At 30, I’d lost my taste for partying and stopped going out. I was 35 when our paths crossed again.
It happened one evening at the Max Linder cinema. I was alone and waiting in the lobby for the theater to open. Someone tapped me on the shoulder. I turned around, and it was him. I was surprised. More than surprised, I was moved, and I found that troubling. The gesture, his somewhat ironic smile, the way I’d prepped for no reason whatsoever that evening — it all seemed worked out to bring us together.
The theater was almost empty. We sat next to each other and chatted through the trailers. He was so familiar to me, yet the familiarity seemed shrouded in mystery, as in The Turn of the Screw when the two children pretend to be playing to fool the governess but are, in fact, communicating with the ghosts.
We left the cinema, and he walked me home. We spoke a bit about the film and went on from there. There was no subject — or rather, everything was the subject. I’d have been fascinated had he talked to me about dog turds. Every word, every inflection hit home, like a unique genetic sequence recombining. I couldn’t stop laughing. I was euphoric. He was having fun, too. “It’s crazy,” he said. “I’m so happy to see you. Why is that?”

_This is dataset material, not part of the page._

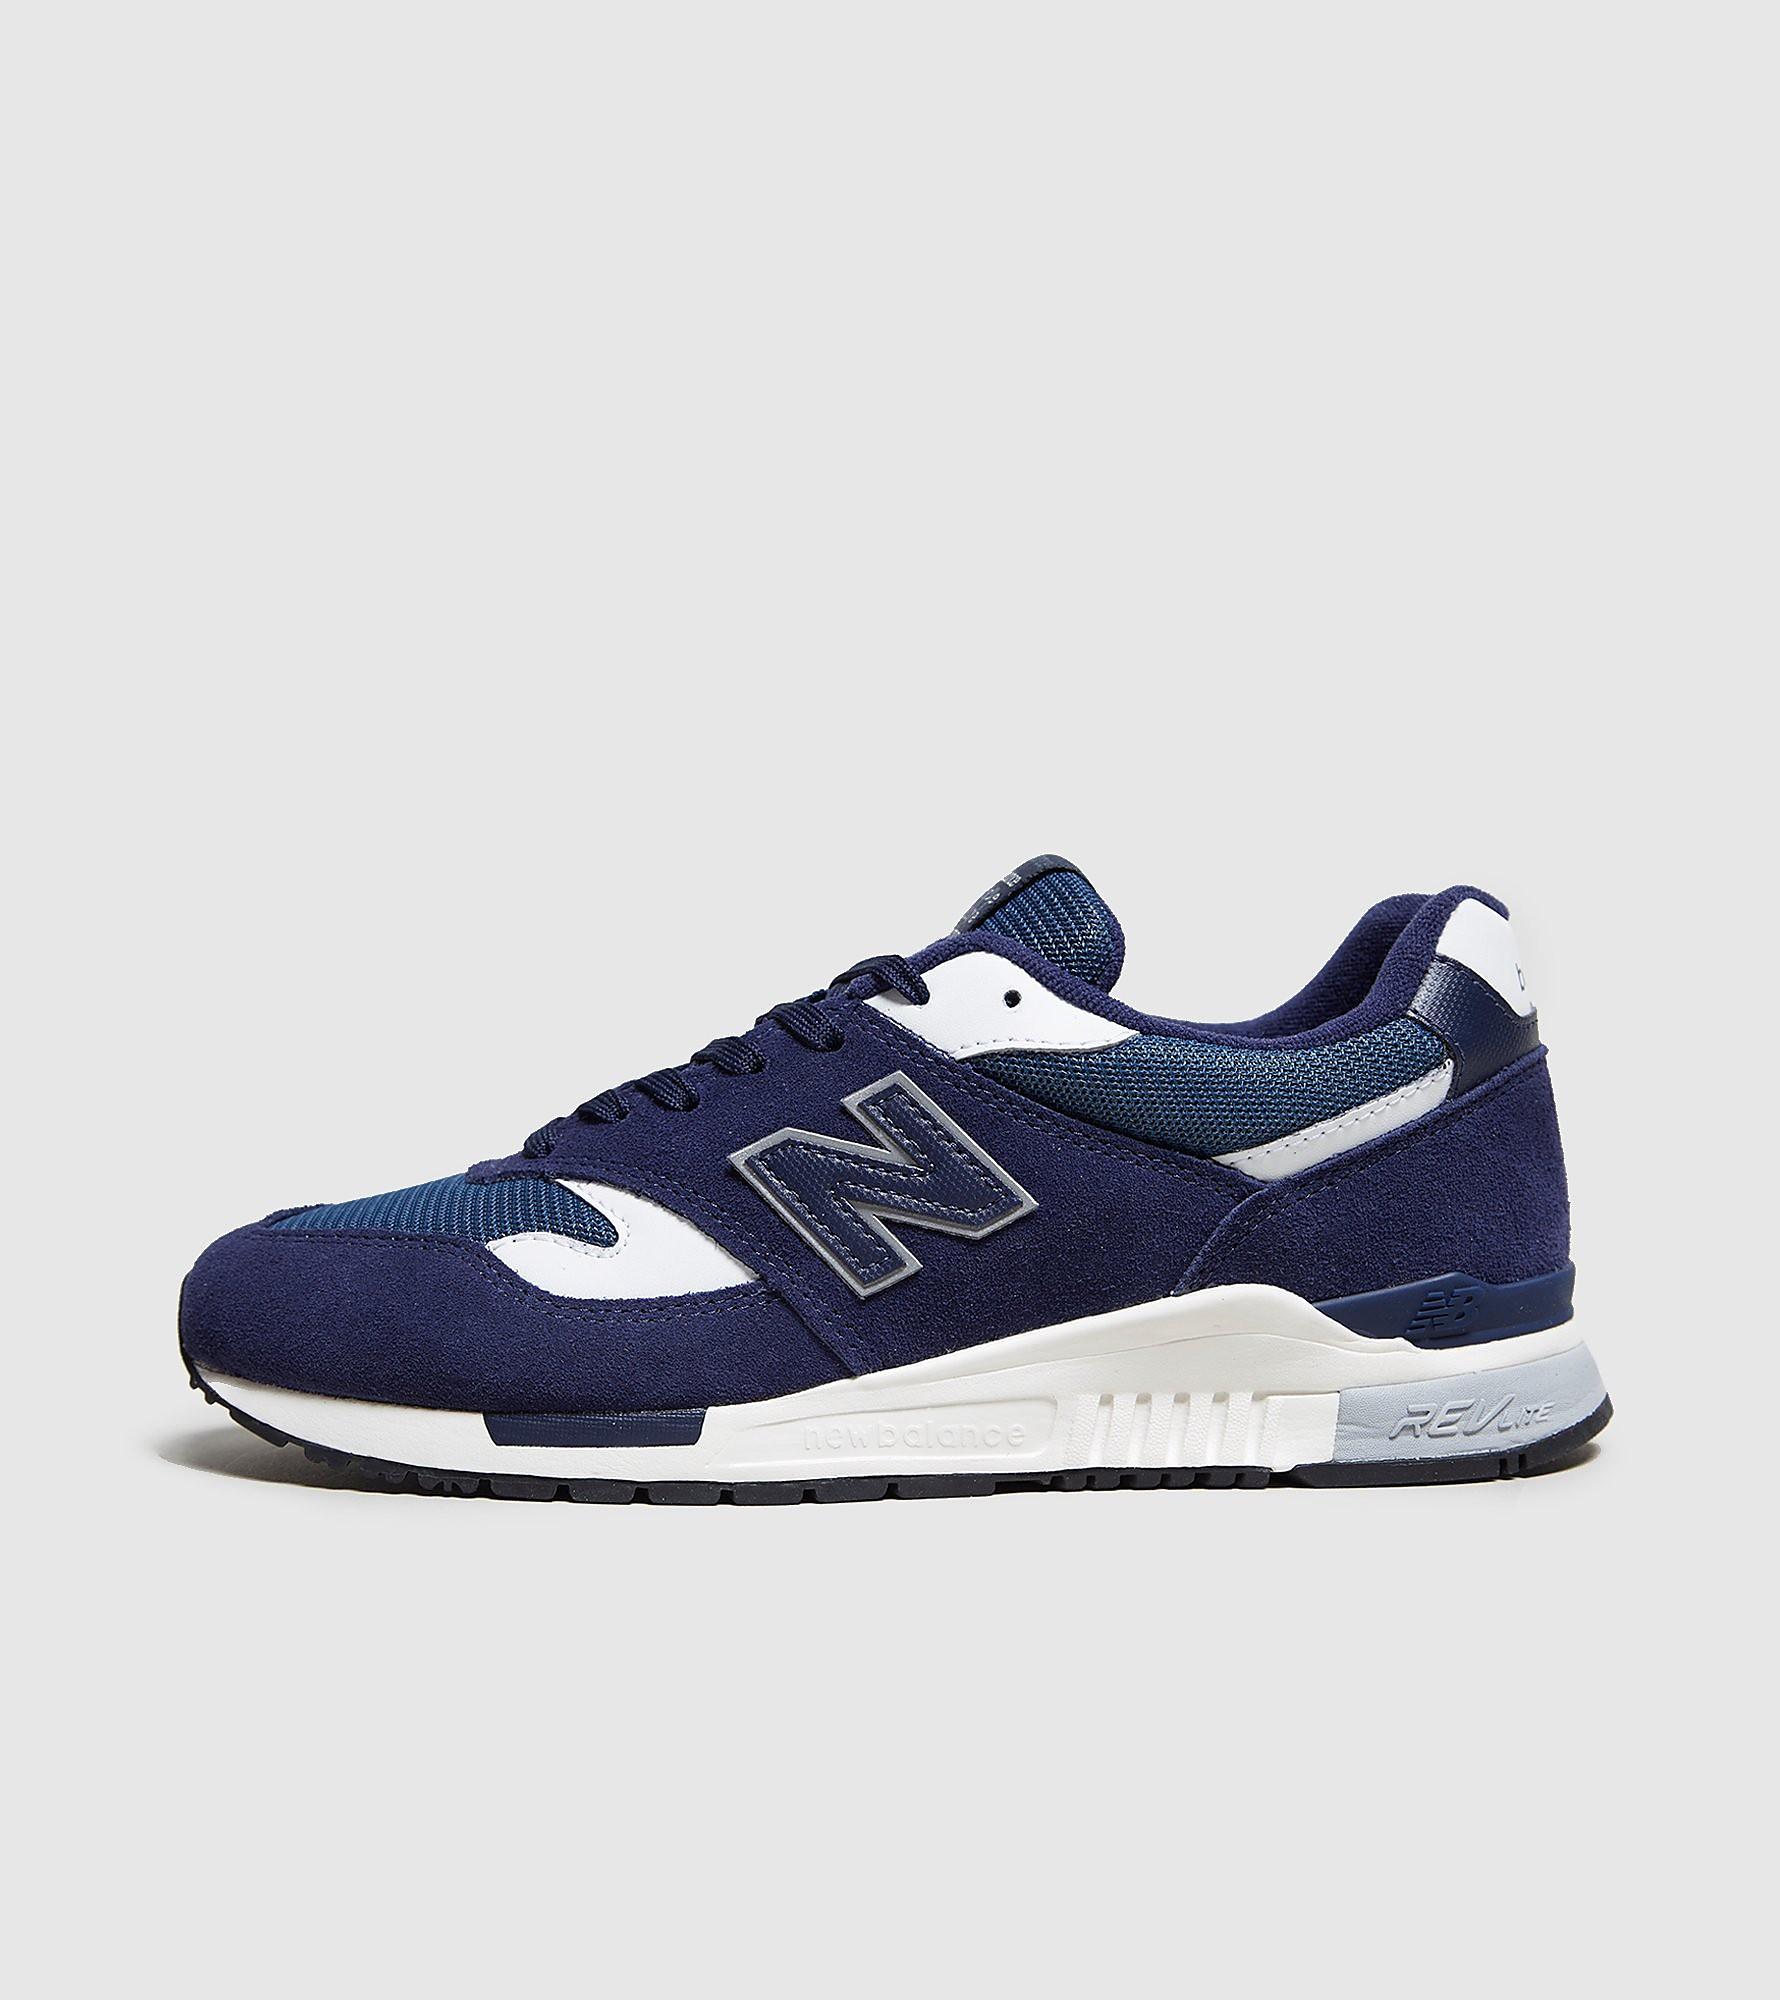 New Balance 840, azul/blanco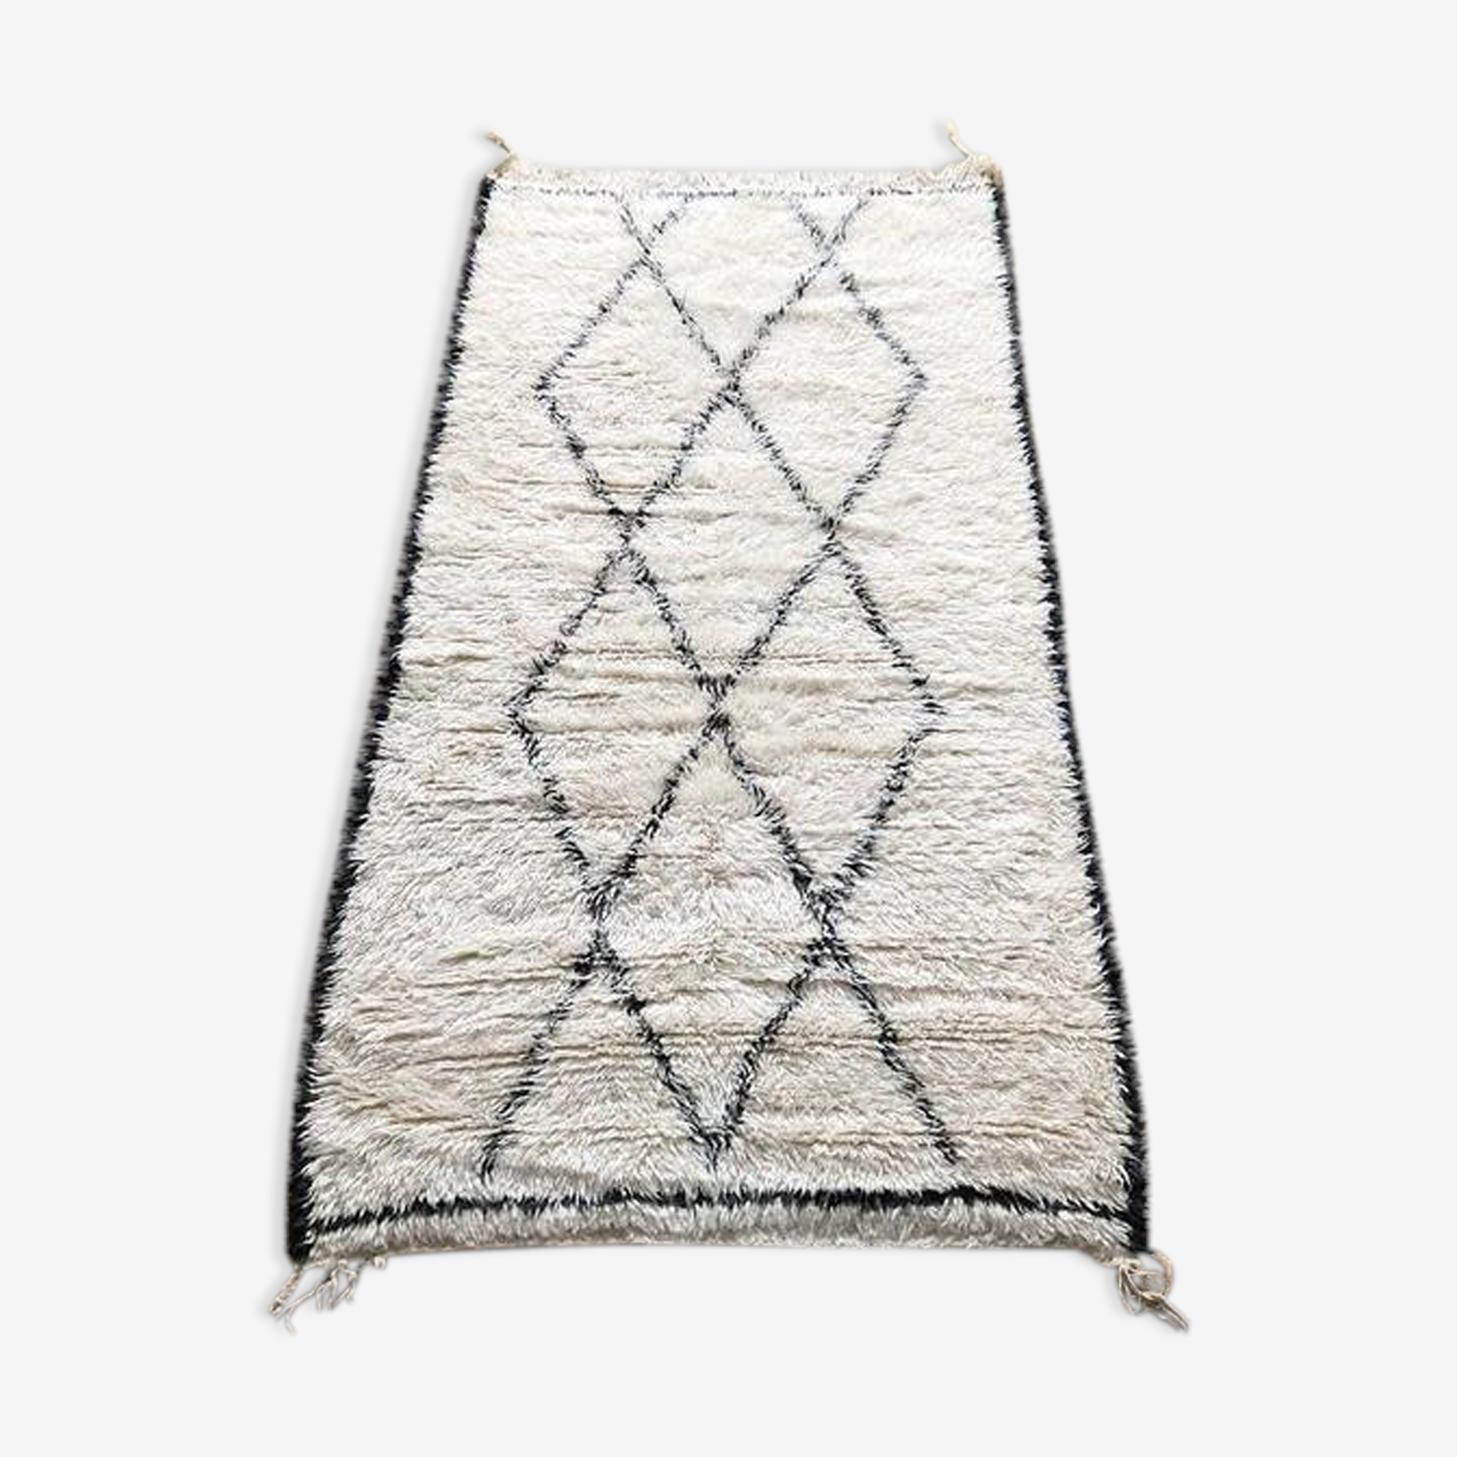 Beni ouarain carpets 220x120cm - 100% wool

We kept talking at my door. I looked at his face as he looked at mine, and it was magic. Then, suddenly, it was too much. I wanted to go inside, to be with him in my thoughts. “See you soon,” I said. He replied, “Yes, but not too soon.”
*
My boyfriend was already in bed. I woke him as I came into the room, and he asked how the movie was. “Bah, not great,” I said. “Go back to sleep.”
I ran through the whole evening in my head until my mind went blank.
I dreamed of him and, in the morning, sent him a message to tell him about the dream. He replied with something funny. I replied in kind, and on it went.
There was only him now. The world had shrunk to this new obsession of mine. I couldn’t do anything else anymore. My hands had stopped working. I couldn’t write, either, except to him. All my words were addressed to him. I had no words for anything else.
*
Three days after our encounter, he left for Tokyo on business. When he returned, I was in the countryside, then when I got back, I didn’t tell him right away. Strangely, I didn’t feel like seeing him. He lay at the center of all my thoughts, but I wouldn’t have interrupted a single one of those thoughts to be at his side.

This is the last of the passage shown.